Choisir un MBA : les 5 erreurs à ne pas faire

Publié par © Kelformation - Aurélie Le Caignec - le

Destinés aux salariés souhaitant doper leur parcours professionnel, le MBA est une formation haut de gamme considérée comme un accélérateur de carrière. Avant de jeter votre dévolu sur un cursus, mieux vaut prendre le temps de faire le tri parmi les offres des écoles. Quelques conseils pour déceler les pièges et faire un choix éclairé.

Erreur n°1 : se méprendre sur l’objectif du MBA

Le premier des pièges serait de penser que le MBA est un sésame qui vous ouvrira toutes les portes. Détrompez-vous ! Le diplôme ne suffira pas si vous n'avez pas une idée très précise de ce que vous voulez en faire.

 

« Le MBA n'est pas un mot magique. Il faut qu'il y ait un projet professionnel derrière. Il servira surtout aux salariés qui souhaitent trouver un poste plus intéressant ou conforter une compétence », explique Marie-Hélène Abbo, responsable académique des programmes internationaux et du MBA France-Inde à l'ESC Pau.

 

Même son de cloche du côté de Régis Brandinelli, directeur général adjoint de l’école Skema. « Pour les personnes qui se sentent très bien dans leur job et qui ne souhaitent pas en changer, avoir un MBA ne changera pas grand-chose », assure-t-il. 

Erreur n°2 : choisir une formation méconnue

Quoiqu'on en dise, la reconnaissance reste un gage de qualité. Opter pour un programme dont personne n'a jamais entendu parler ne vous rendra pas service. Car un MBA aura plus de valeur sur le marché du travail s'il est reconnu à la fois d'un point de vue académique mais aussi professionnel.

 

Avant de porter votre choix sur un cursus, regardez si son programme et son établissement sont accrédités (Equis, AACSB, AMBA). Autre astuce : tenez compte des classements dans la presse. Cela vous apportera un premier socle solide d'informations sur lequel vous pourrez vous reposer.
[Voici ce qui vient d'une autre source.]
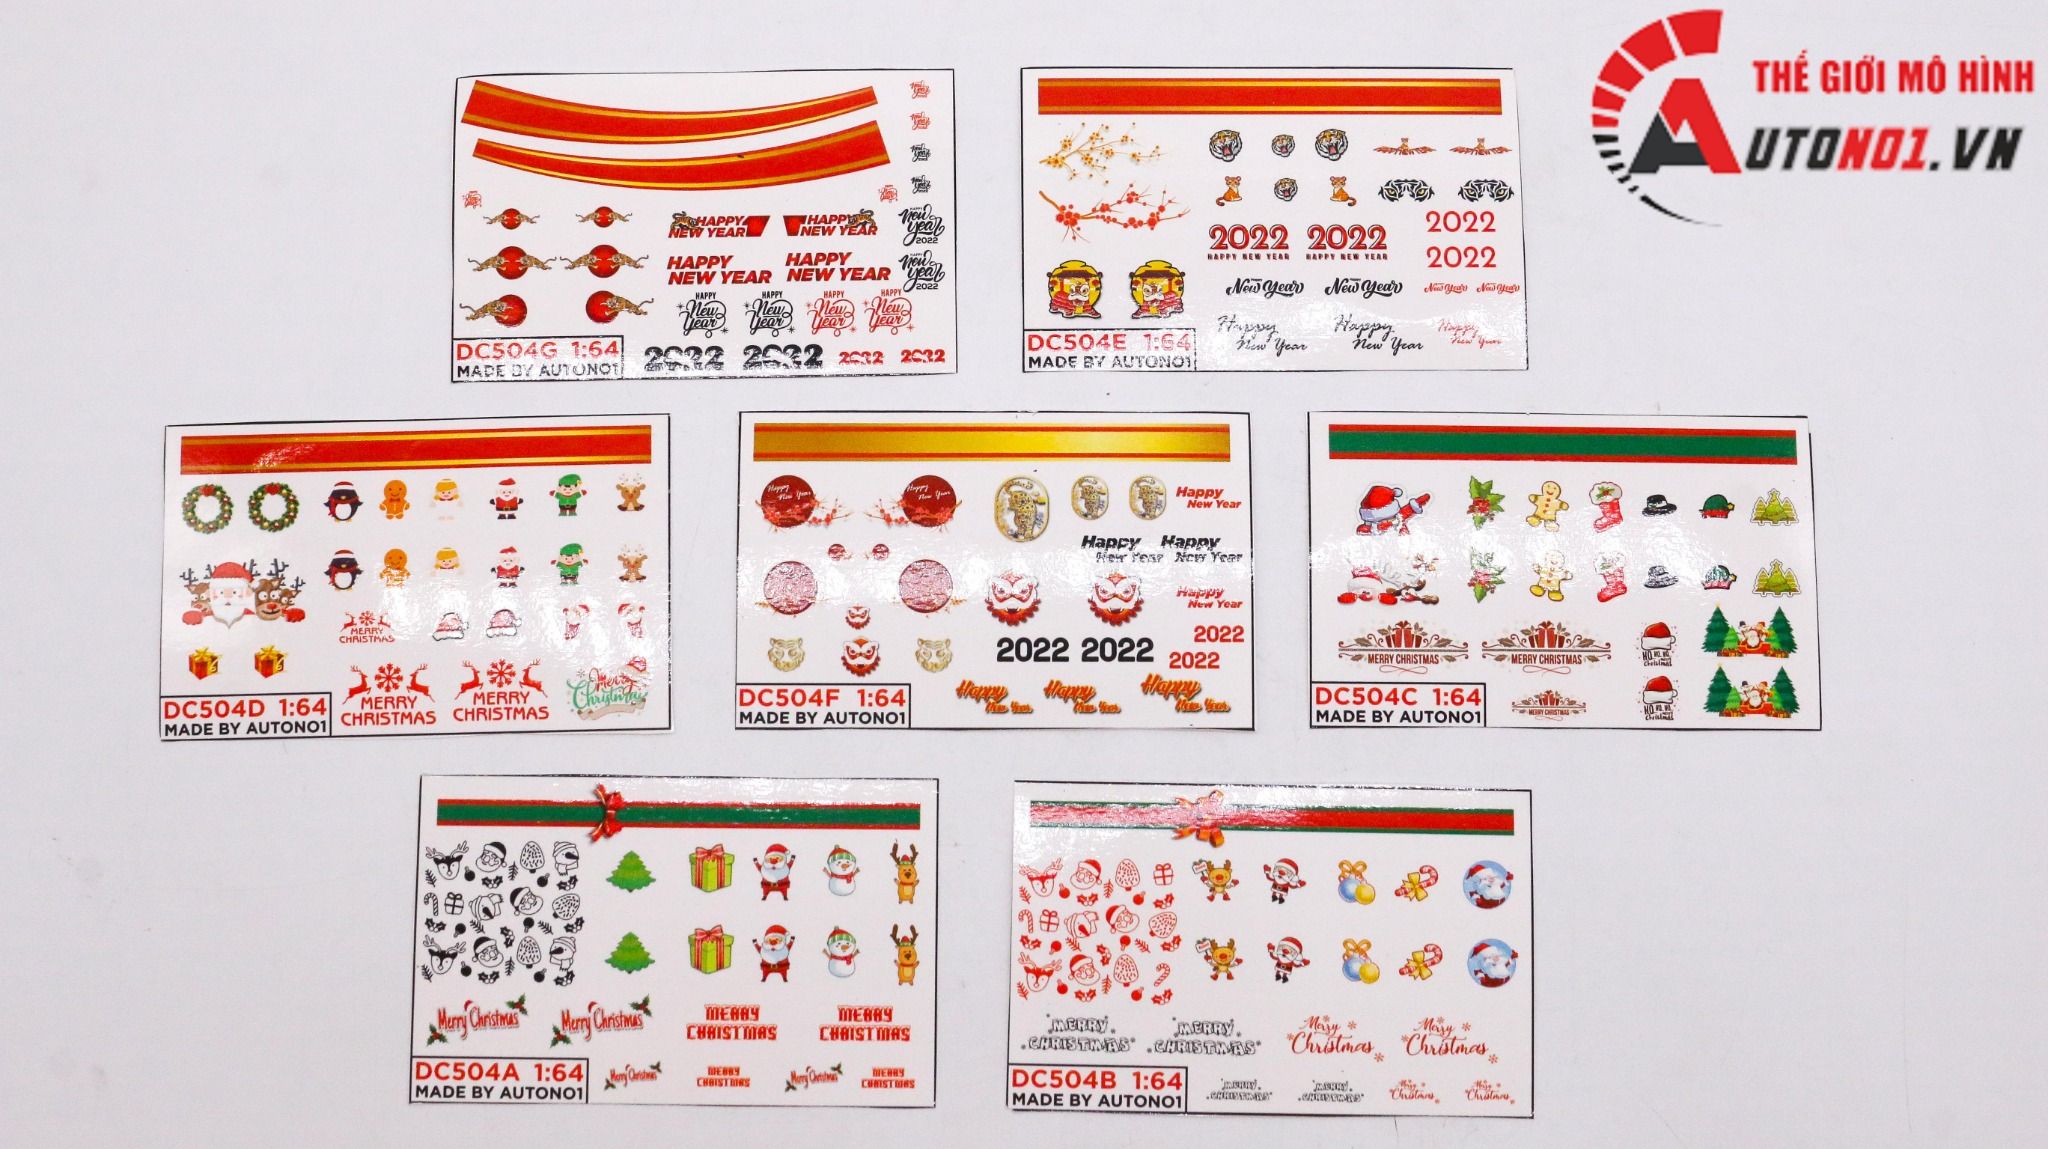  Decal nước Happy New Year 2022 Red 1:64 Autono1 DC504g 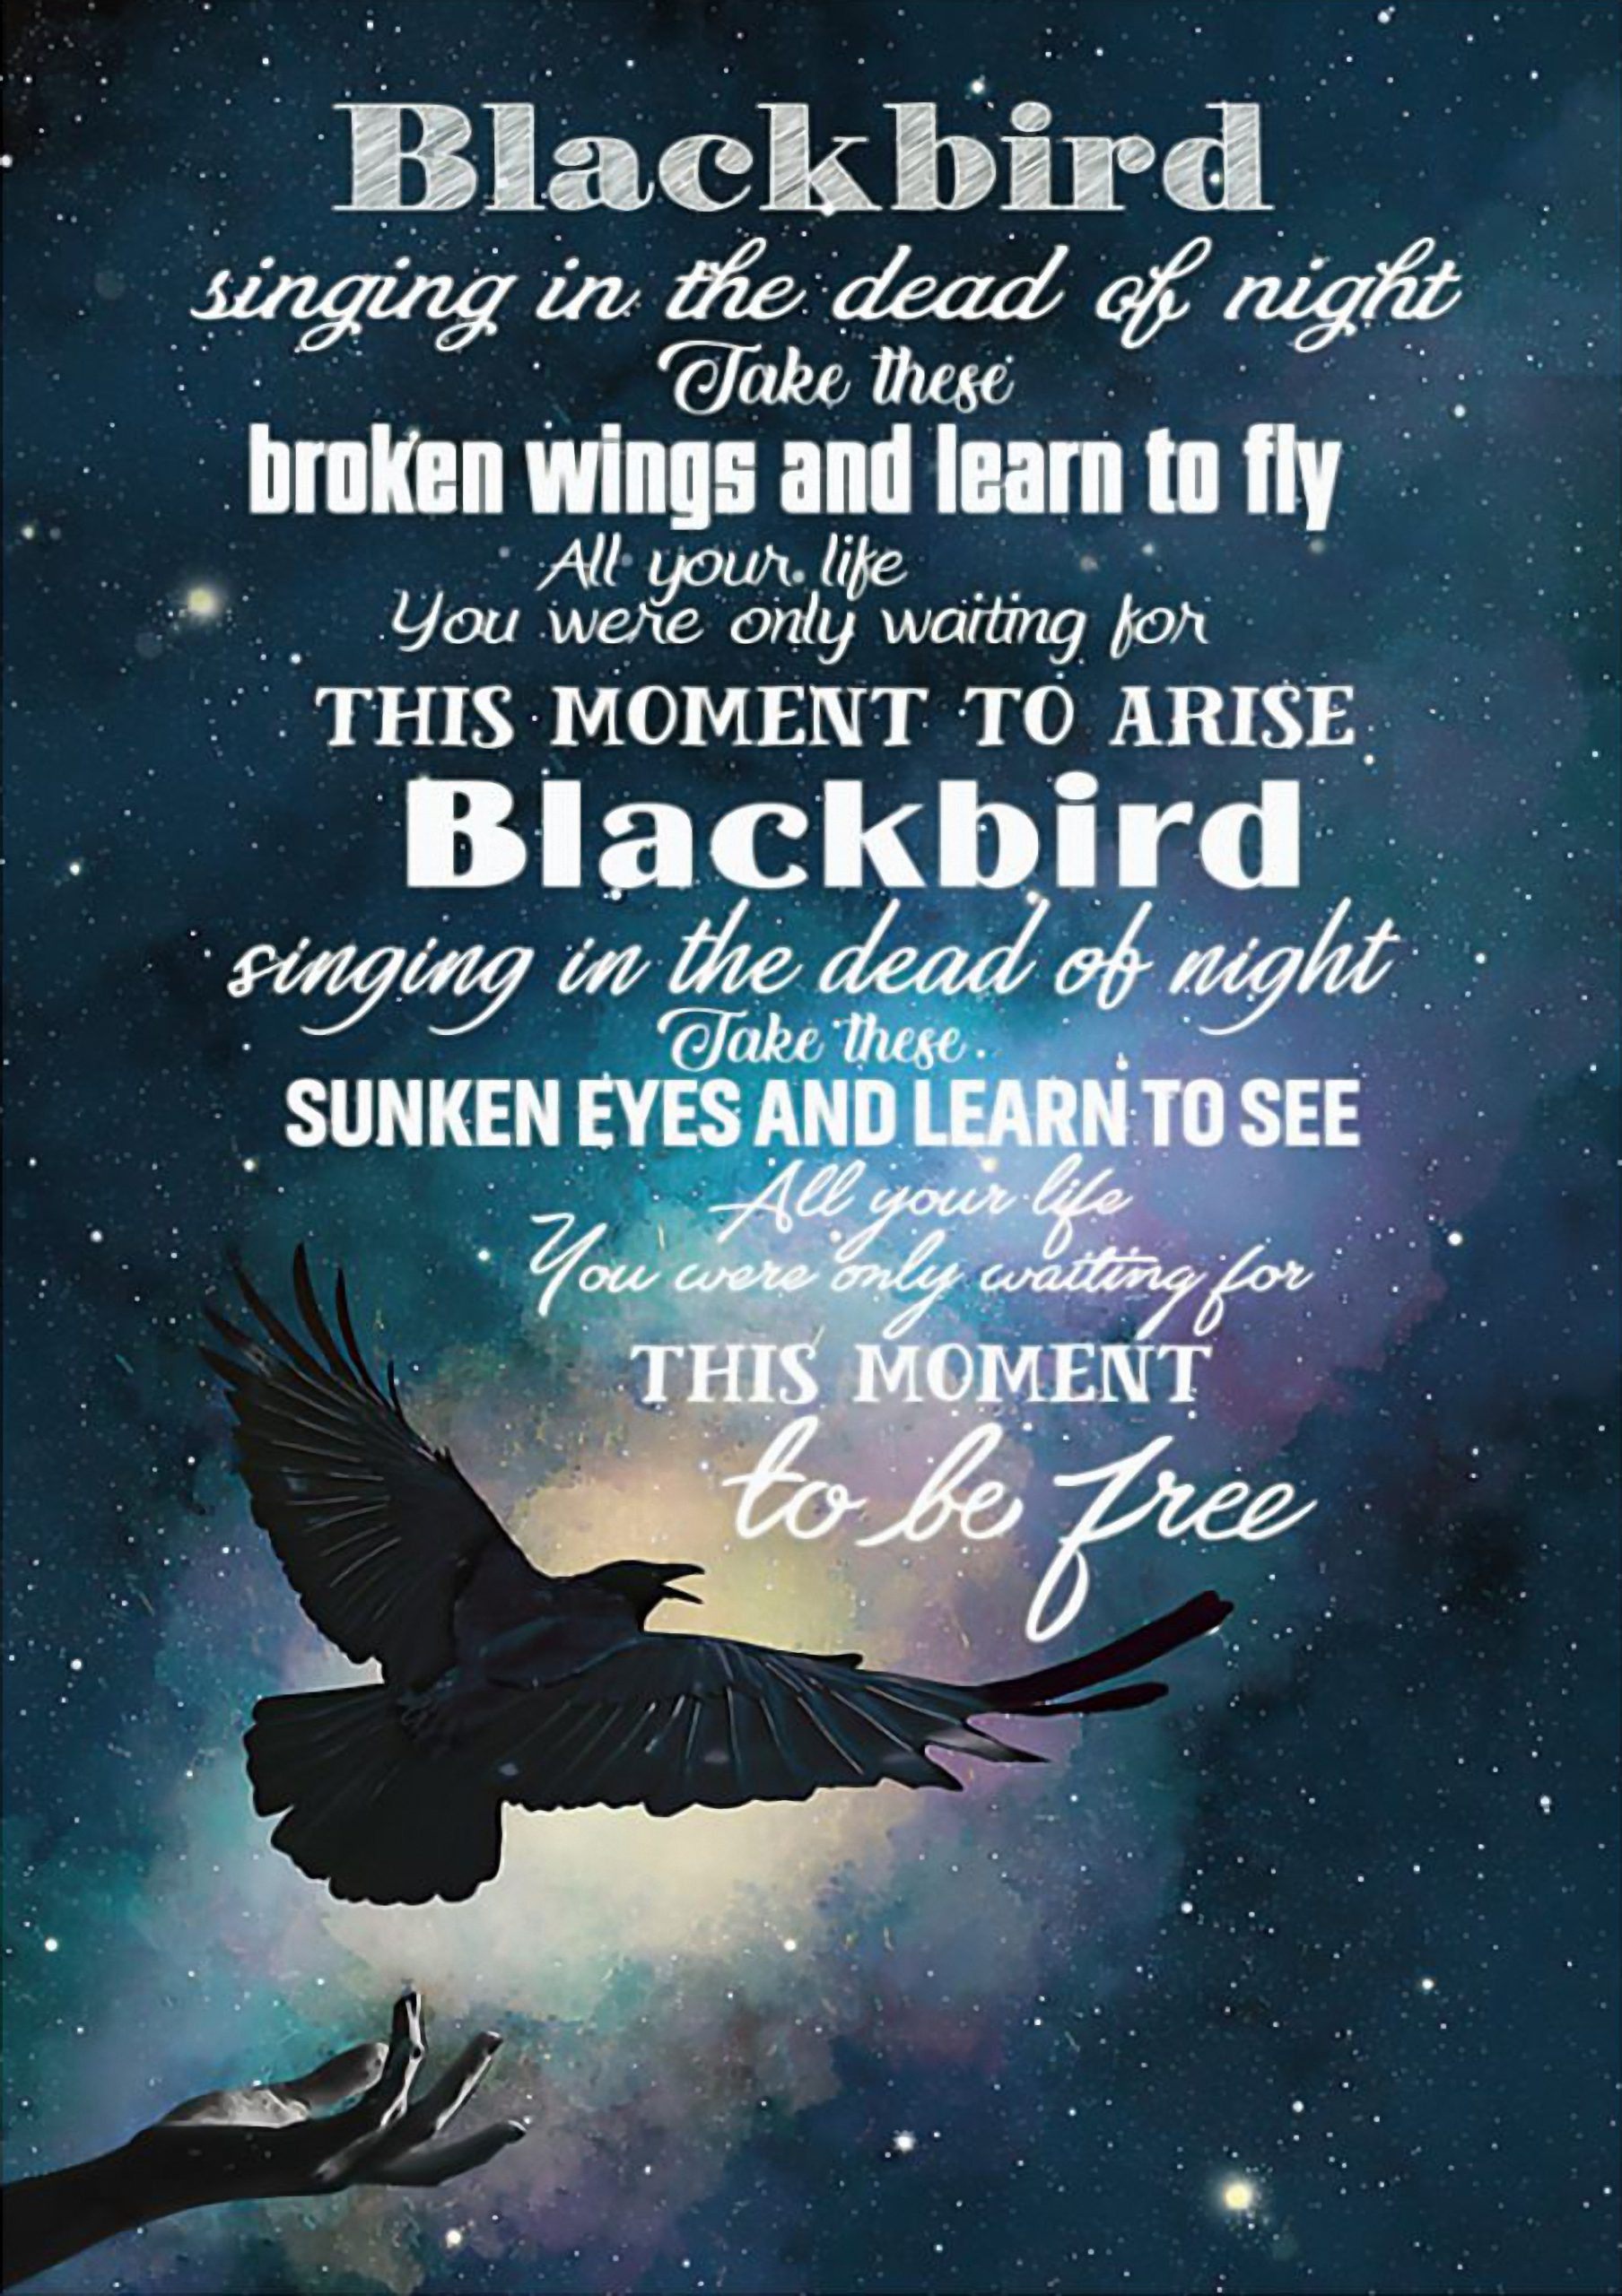 Blackbird singing in the dead of night Take these broken wings and learn to fly fleece posterz

Erreur n°3 : ne se fier qu’aux les plaquettes

À l'heure du choix, tout doit être scruté : accréditations, professeurs, programmes, prix, rythme de formation... Ne pensez surtout pas qu'après avoir reçu les plaquettes des écoles, votre investigation s'arrête. « Il faut se donner la peine de poursuivre ses recherches et de se procurer la liste des anciens élèves, se renseigner sur les professeurs, notamment via internet. Il s'agit juste de bien faire ses devoirs », indique Vincent Vinatier, étudiant en MBA à Audencia.

 

Un coup de fil à l'école, une visite de l'établissement et une rencontre avec un ancien élève vous serviront à conforter une bonne impression.

Erreur n°4 : opter pour un MBA à vocation nationale

Se lancer dans un MBA français dont le programme s'intéresse à la gestion des risques à l'échelle du pays a peu de sens. « Un MBA ne doit pas être national. Il doit donner la possibilité à des décideurs de devenir des managers globaux », affirme Régis Brandinelli. C'est-à-dire des individus capables de travailler sur des problématiques à l'échelle mondiale.

 

Pour mesurer la portée d’un MBA, regardez la part des cours donnés en anglais et vérifiez si des sessions à l'étranger sont régulièrement programmées. Si vous souhaitez faire votre MBA à l'étranger, sachez que les États-Unis restent le pays de référence.

 

Toutefois, d'autres options existent notamment du côté de l'Asie. L'ESC Pau, par exemple, propose un programme basé à la fois en France et en Inde. De leurs côtés, l'école des Mines et Skema préparent conjointement un Executive MBA délivrant des sessions en France, en Chine, aux États-Unis, au Liban et en Russie. 

Erreur n°5 : faire un choix par défaut

Si, malgré vos recherches, vous n'avez pas trouvé de MBA correspondant à vos attentes, mieux vaut vous en dispenser. « Il faut être sûr de choisir une formation qui correspond à ce que l'on veut faire et qui vient compléter son profil », estime Vincent Vinatier. Pour cet ancien analyste financier de la City passé par le paysagisme durable, il fallait un MBA capable de combiner ces deux expériences. « À Audencia, l'une des spécialités était la responsabilité sociale des entreprises, le domaine qui m'intéressait », poursuit l'étudiant. Le MBA n'est donc pas un diplôme de plus que l'on ajoute à son CV : il s'insère dans une véritable démarche professionnelle.

 

« Les recruteurs cherchent de plus en plus à savoir si les diplômes obtenus sont en adéquation avec le parcours professionnel », confirme Marie-Hélène Abbo. Sans oublier que ces formations représentent beaucoup d'investissement, que ce soit en termes de finances et de temps. Mieux vaut donc être sûr à 100 % avant de s'y engouffrer.